Why is Liam safe? Did someone come for him, too? Maybe Donnacha went there before coming to the Ryan manor? Does Liam know where Rohan is?

The possibilities are endless, but I refuse to break first.

* * *

The sky turns a deeper shade of blue as night steals the day. The gravel beneath the tires crunches as Lorcan effortlessly glides his black Mercedes AMG GT through the nature-made tunnel of trees. Once we break through the clearing, the glow of the moonlight reflects off the lake, highlighting the two hidden hideouts.

Years have passed, yet the reminiscent feeling of happier times floods my veins. The core of who I am, and my most cherished memories are all forged on the edge of the age-old pier that connects the waterline to land. When I was a child, the cabins were my safe place, the only constant in an unstable life. Always on the move, shuffling from town to town, I lived for the familiarity this place never failed to deliver. Little had I known that beyond the trees, at the tip of the mountain, less than fifteen miles away, lived the past my mother was shielding me from.

The car lights illuminate the driveway as we round the front of the cabin toward the back of the property. The beams shoot enough glow to light up everything in front of us, including the tiny figure pacing up and down the back porch.

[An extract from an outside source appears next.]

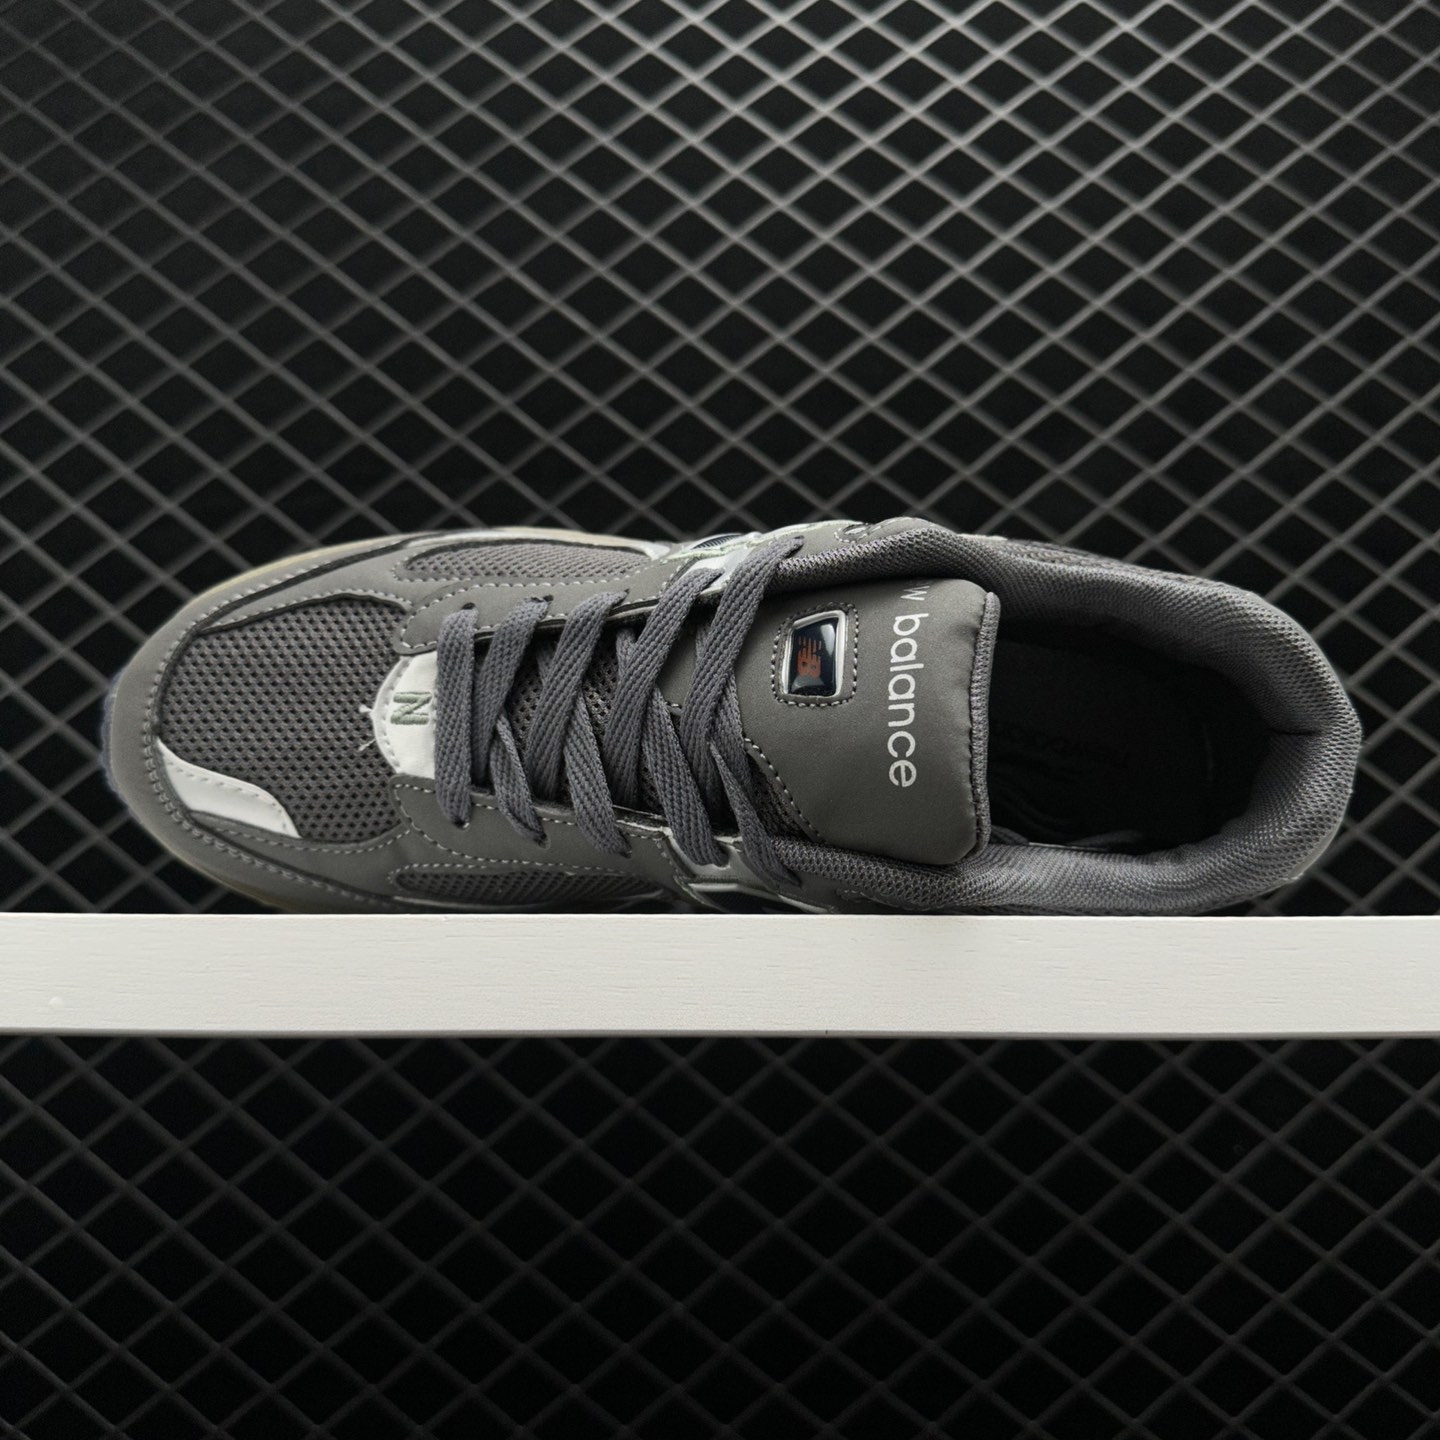 New Balance 2002R Light Grey Black - Trendy Athletic Sneakers
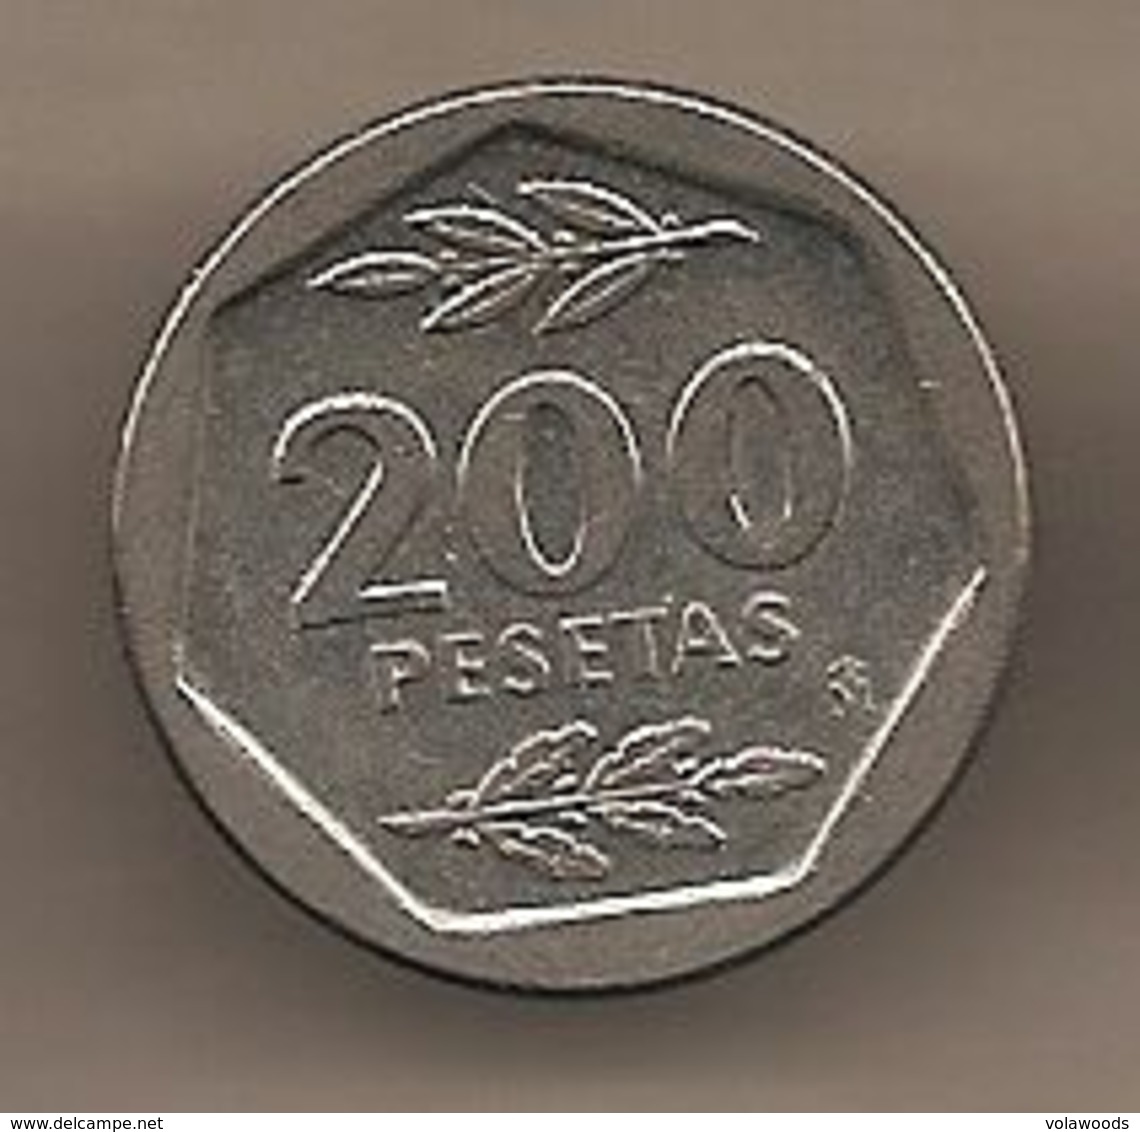 Spagna - Moneta Circolata Da 200 Pesetas  Km829 - 1988 - 200 Peseta

Her arms wrap around her centre as she chews nervously on her bottom lip, but as soon as the car comes into full view, she bounds down the short four steps, rushing toward us.

She rips the passenger door open within seconds, then pulls me from the car and into her chest. “Oh my God, Saor.” I bury my nose in her chunky knit, and the familiar scent of freshly bloomed lavender assaults my senses. A cornucopia of emotion erupts beneath my skin, each fighting to be felt. My body stiffens in her grip as I process how I feel. Sure, I love her, and I am happy to see her safe and well. But I’m also hurt, angry, and confused. For almost two weeks, she’d vanished into thin fucking air, leaving me when I needed her most.

“I’m so glad you’re okay.” She steps back, clutching my shoulders as she does a slow perusal from the tips of my toes to the top of my head.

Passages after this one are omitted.